- [To do] The whole listing, except its pictures, is to be repeated exactly.

- [Provided material]
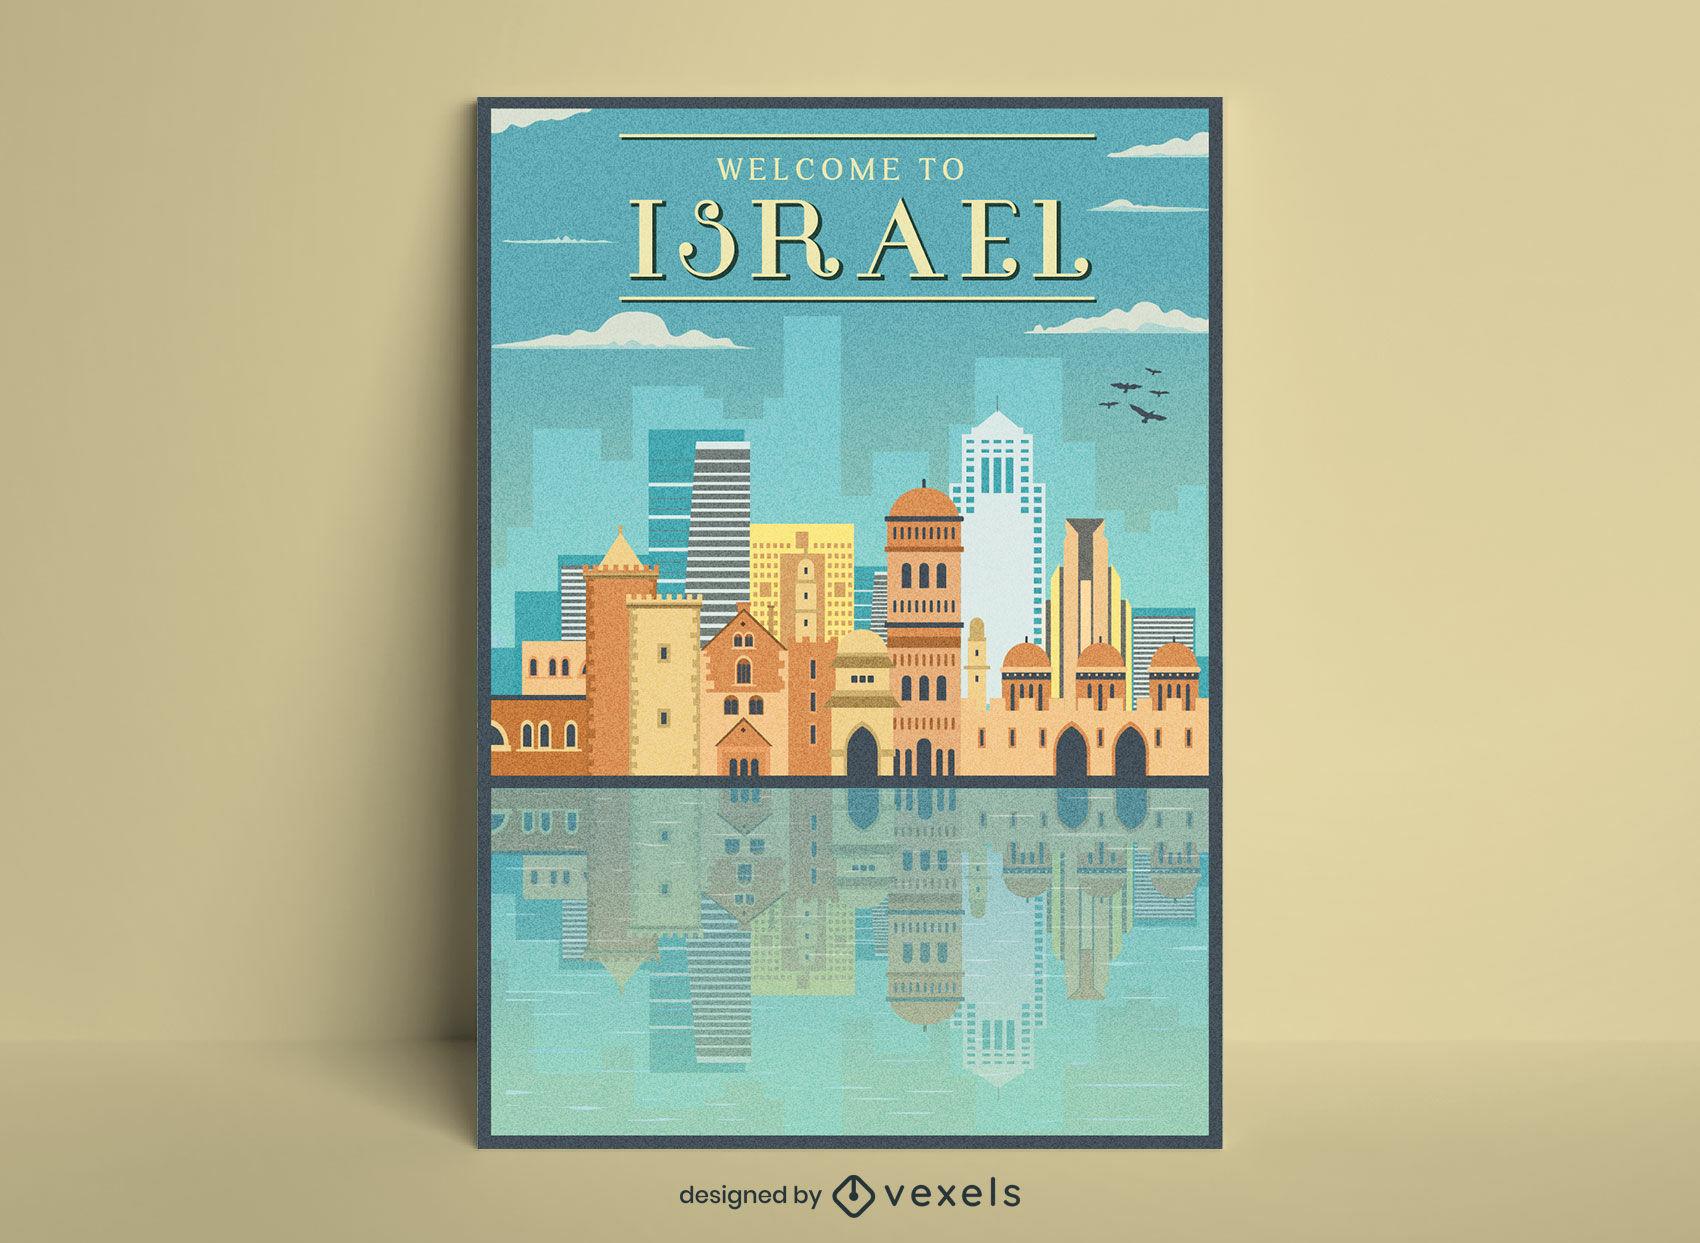 Israel tourism vintage travel poster design
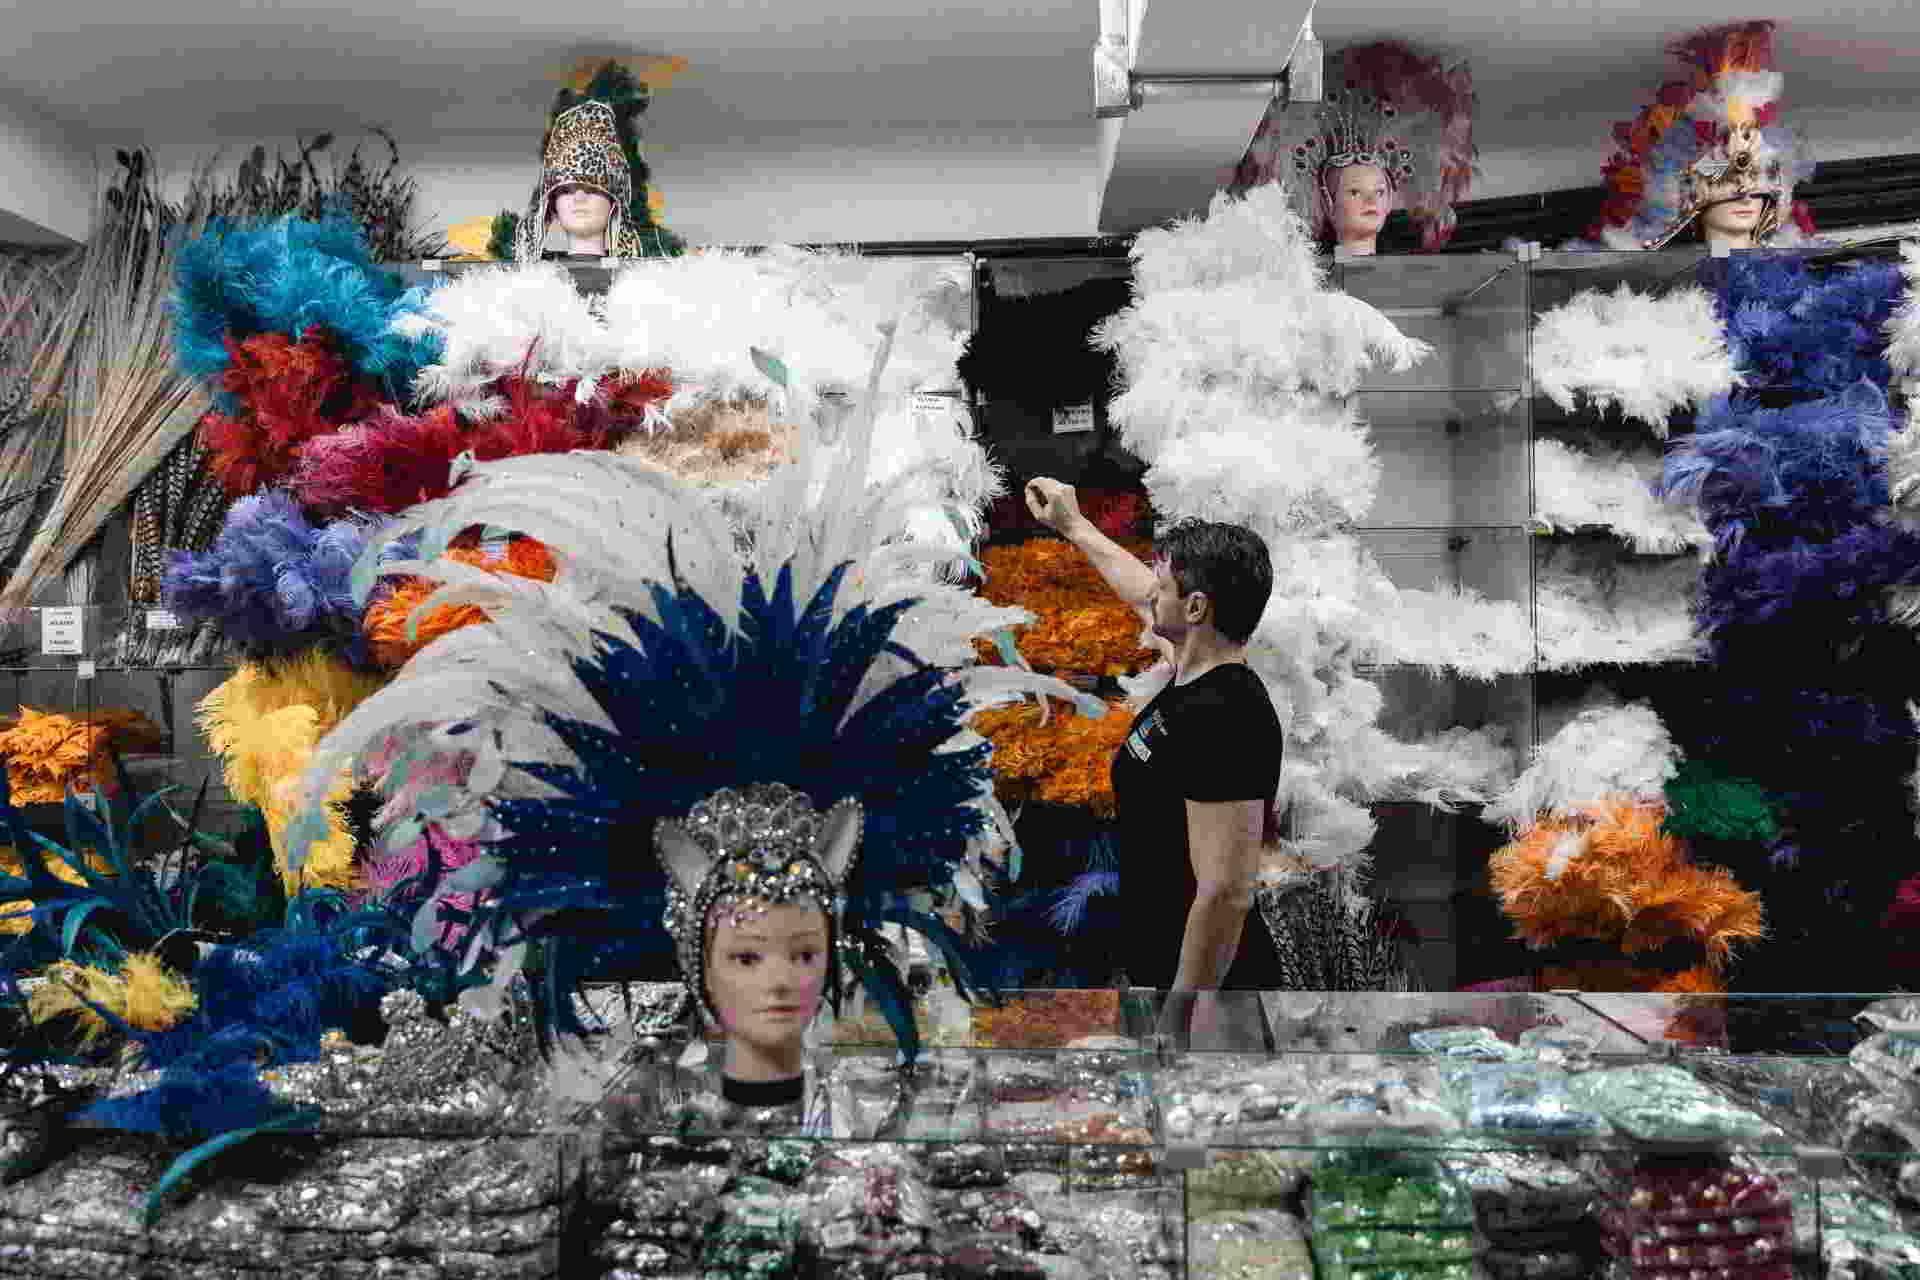 nsaio de Carnaval do G1 mostra um dia na vida de destaques das escolas de SP. Aqui vamos saber como é a rotina de Daniel Manzioni, rei de bateria da Acadêmicos do Tatuapé (Foto: Marcelo Brandt/G1)
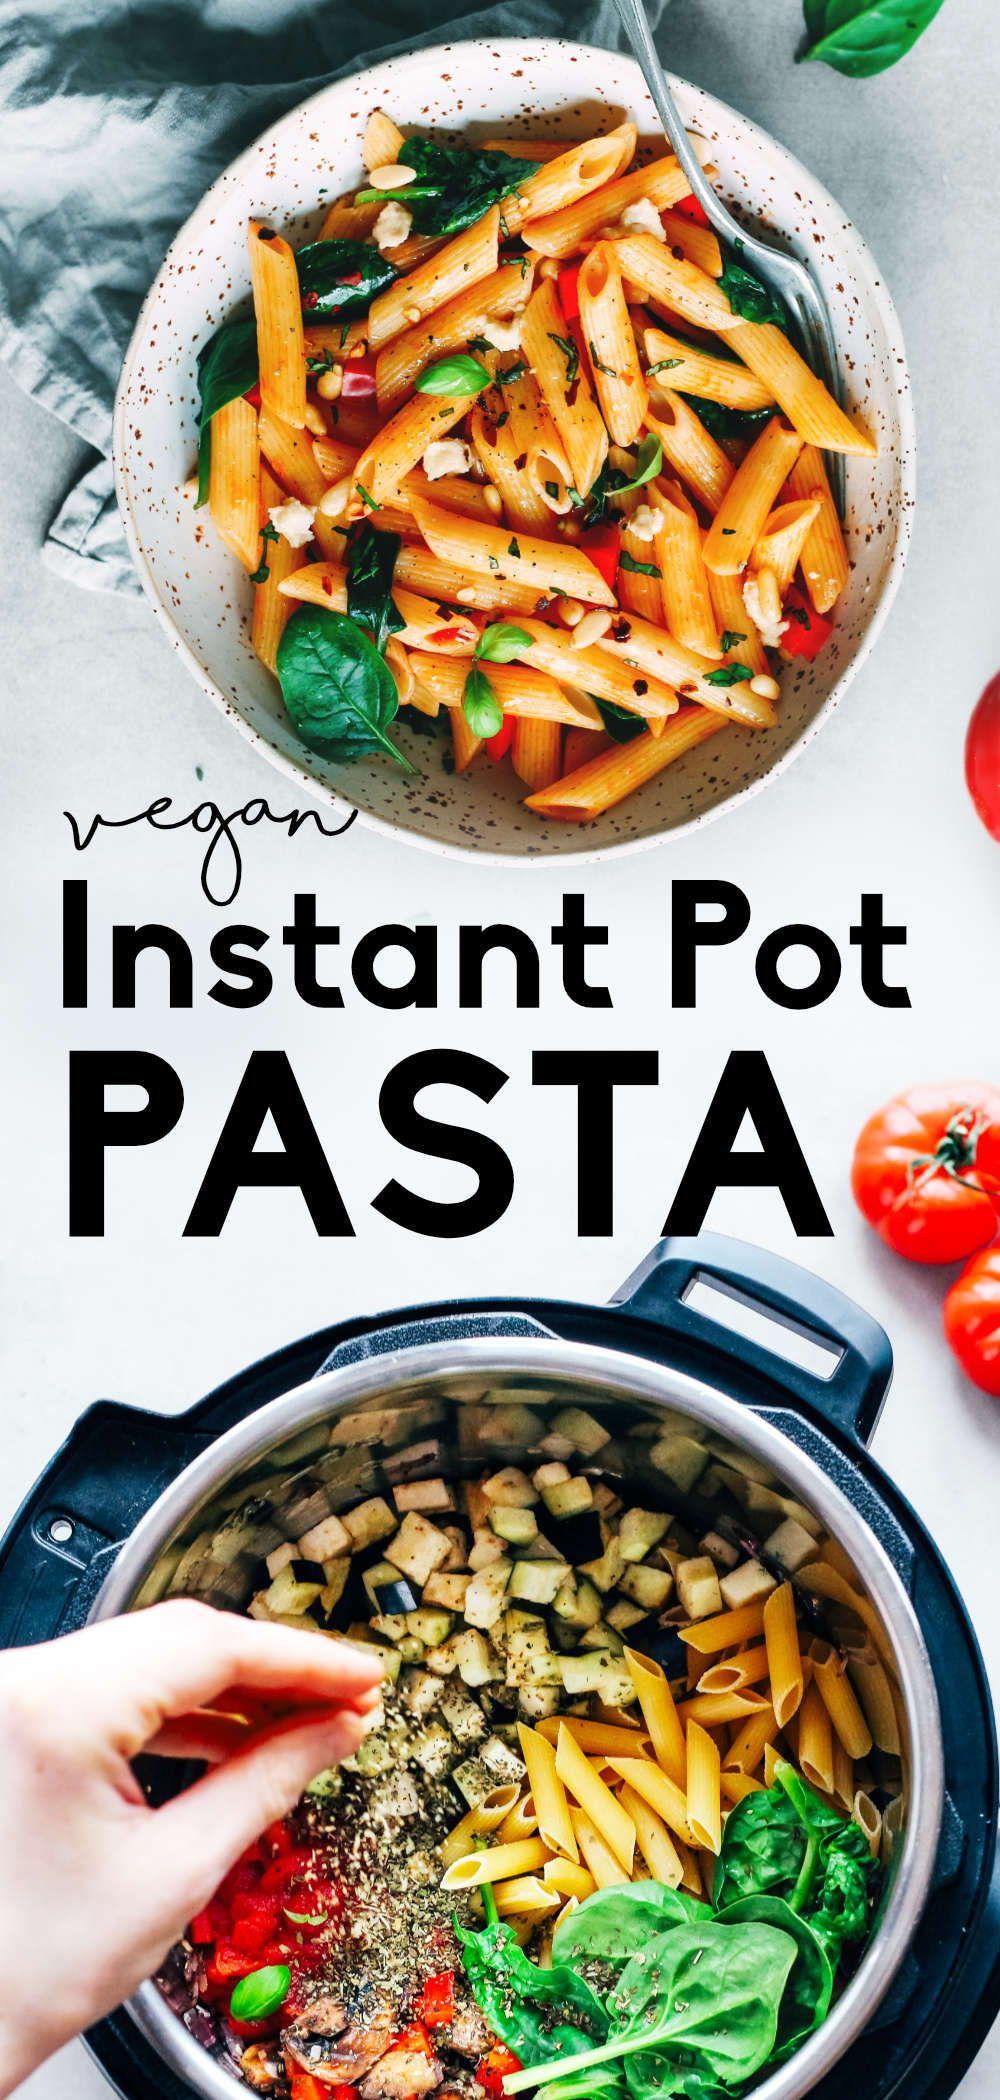 Vegan Instant Pot Pasta Recipe One Pot Marinara Recipe In 2020 Instant Pot Pasta Recipe Vegan Instant Pot Recipes Whole Food Recipes
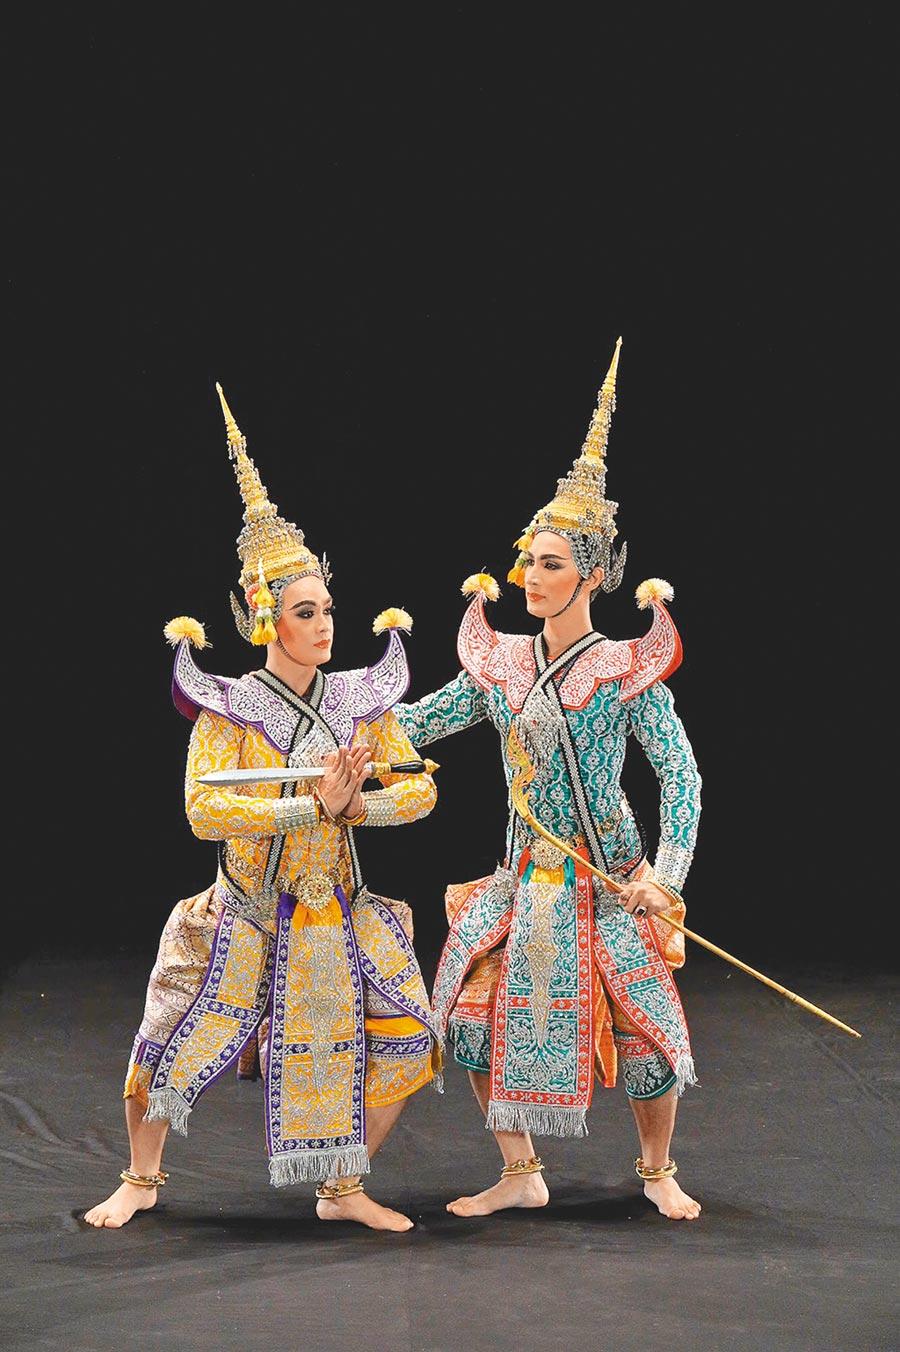 泰國傳統表演藝術「孔劇」為故宮南院「泰國月」打頭陣,精緻的服裝與特殊的肢體,搬演邪不勝正、具有警世意味的史詩故事。(Fine arts department of Thailand 提供/李欣恬台北傳真)

- [Task response]
 Israel tourism vintage travel poster design
 nsaio de Carnaval do G1 mostra um dia na vida de destaques das escolas de SP. Aqui vamos saber como é a rotina de Daniel Manzioni, rei de bateria da Acadêmicos do Tatuapé (Foto: Marcelo Brandt/G1)
 Vegan Instant Pot Pasta Recipe One Pot Marinara Recipe In 2020 Instant Pot Pasta Recipe Vegan Instant Pot Recipes Whole Food Recipes
 泰國傳統表演藝術「孔劇」為故宮南院「泰國月」打頭陣,精緻的服裝與特殊的肢體,搬演邪不勝正、具有警世意味的史詩故事。(Fine arts department of Thailand 提供/李欣恬台北傳真)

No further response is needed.